Intangible Assets.  Intangible assets, including goodwill and lease intangibles, are comprised of finite-lived and indefinite-lived assets. Lease intangibles represents the allocation of a portion of the purchase price of a property acquisition representing the estimated value of in-place leases, unamortized lease origination costs, tenant relationships and land purchase options. Intangible assets that are not deemed to have an indefinite useful life are amortized over their estimated useful lives. Indefinite-lived assets are not amortized. Amortization expense of intangible assets that are not deemed to have an indefinite useful life was approximately $590,000 and $754,000, respectively, for the years ended December 31, 2017 and 2016 and is included in depreciation and amortization in the accompanying consolidated statements of operation.

The Company is required to perform a test for impairment of goodwill and other definite and indefinite lived assets at least annually, and more frequently as circumstances warrant. Impairment is recognized only if the carrying amount of the intangible asset is considered to be unrecoverable from its undiscounted cash flows and is measured as the difference between the carrying amount and the estimated fair value of the asset. Based on the review, no impairment was deemed to exist at December 31, 2017 and 2016.

F-7


Depreciation and Amortization. The Company records depreciation and amortization expense using the straight-line method over the useful lives of the respective assets. The cost of buildings are depreciated over estimated useful lives of 39 years, the costs of improvements are amortized over the shorter of the estimated life of the asset or term of the tenant lease (which range from 1 to 10 years), the costs associated with acquired tenant intangibles over the remaining lease term and the cost of furniture, fixtures and equipment are depreciated over 4 to 5 years. Depreciation expense for the years ended December 31, 2017 and 2016 was approximately $9.7 million and $10.3 million, respectively, and is included in depreciation and amortization in the accompanying consolidated statements of operations.
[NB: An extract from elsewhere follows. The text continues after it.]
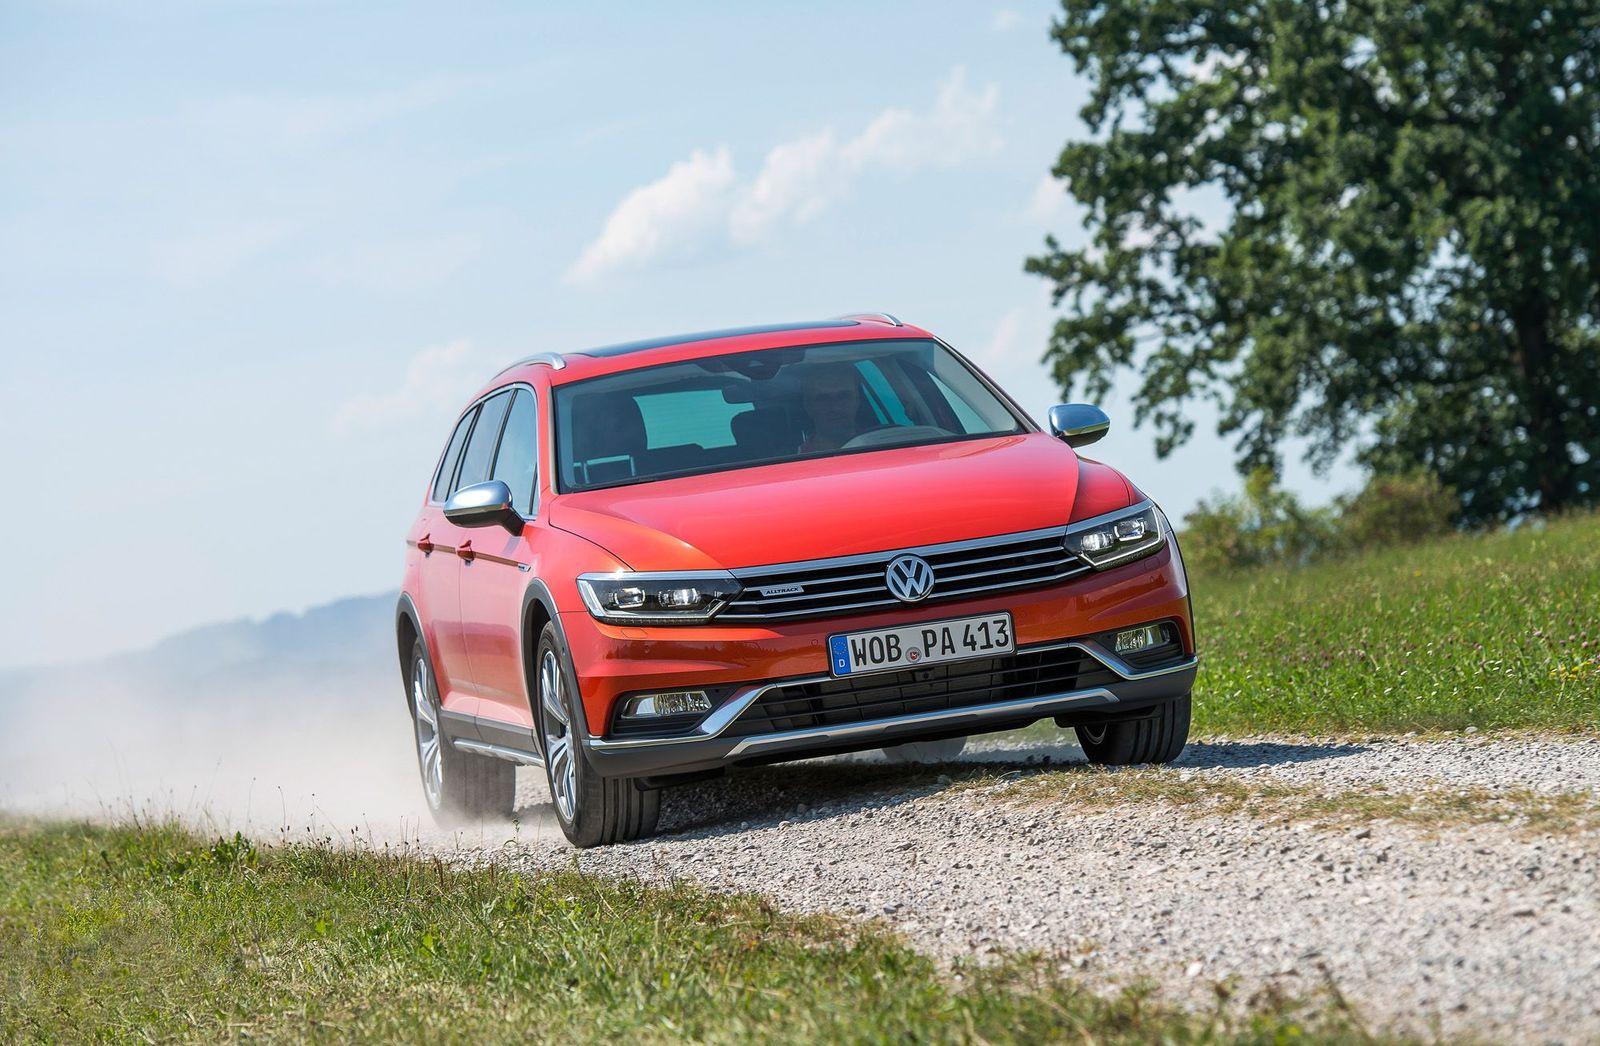 2015 / VW Passat Alltrack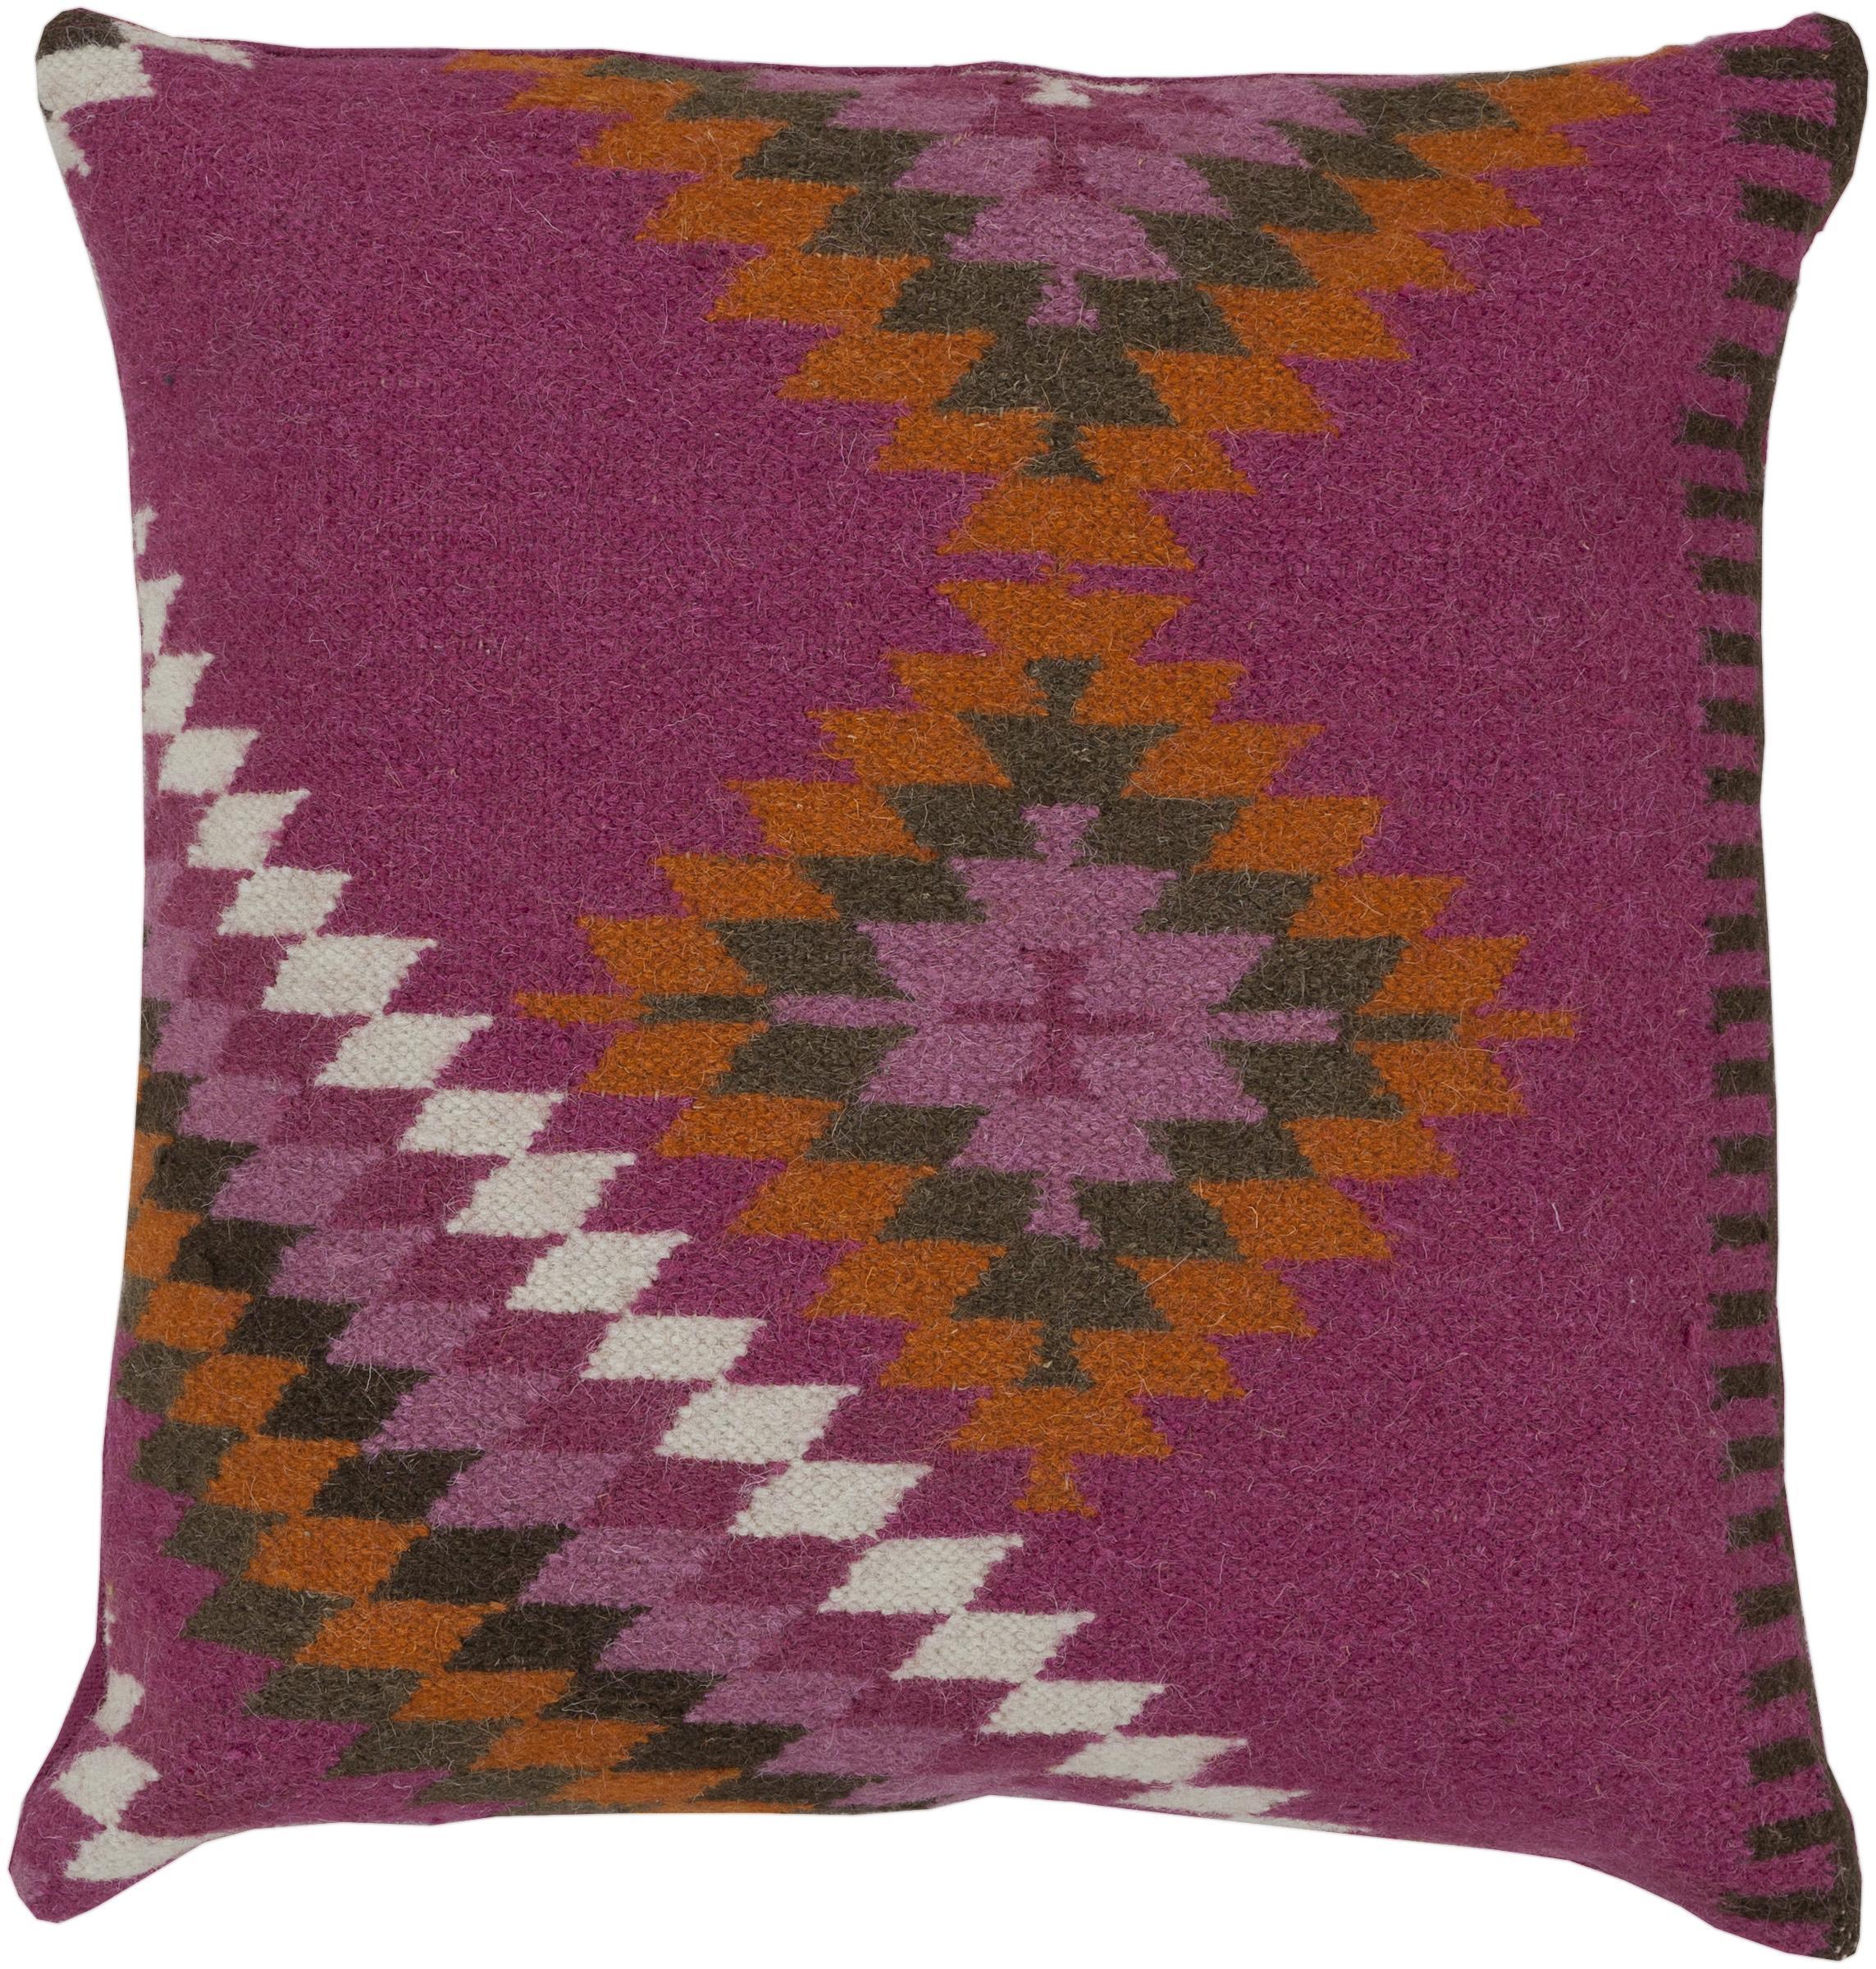 """Surya Rugs Pillows 20"""" x 20"""" Pillow - Item Number: LD035-2020P"""

Cash Equivalents and Restricted Cash. The Company considers all short-term, highly liquid investments that are both readily convertible to cash and have an original maturity of three months or less at the date of purchase to be cash equivalents. Items classified as cash equivalents include money market funds. Cash balances in individual banks may exceed the federally insured limit of $250,000 by the Federal Deposit Insurance Corporation (the "FDIC"). No losses have been experienced related to such accounts. At December 31, 2017, the Company had approximately $1.1 million in deposits in financial institutions that exceeded the federally insurable limits. Restricted cash consists of funds held in escrow for Company lenders for properties held as collateral by the lenders. The funds in escrow are for payment of property taxes, insurance, leasing costs and capital expenditures.

Tenant Receivables. The Company periodically evaluates the collectability of amounts due from tenants and maintains an allowance for doubtful accounts for estimated losses resulting from the inability of tenants to make required payments under lease agreements. In addition, the Company maintains an allowance for deferred rent receivable that arises from straight-lining of rents. The Company exercises judgment in establishing these allowances and considers payment history and current credit status of its tenants in developing these estimates. At December 31, 2017 and 2016, the balance of allowance for possible uncollectible tenant receivables included in other assets, net in the accompanying consolidated balance sheets was approximately $26,000 and $26,000, respectively.

Deferred Leasing Costs. Costs incurred in connection with successful property leases are capitalized as deferred leasing costs and amortized to leasing commission expense on a straight-line basis over the terms of the related leases which generally range from one to five years. Deferred leasing costs consist of third party leasing commissions. Management re-evaluates the remaining useful lives of leasing costs as the creditworthiness of the tenants and economic and market conditions change. If management determines the estimated remaining life of the respective lease has changed, the amortization period is adjusted. At December 31, 2017 and 2016, the Company had net deferred leasing costs of approximately $1,892,000 and $1,920,000, respectively. Total amortization expense for the years ended December 31, 2017 and 2016 was approximately $550,000 and $494,000, respectively.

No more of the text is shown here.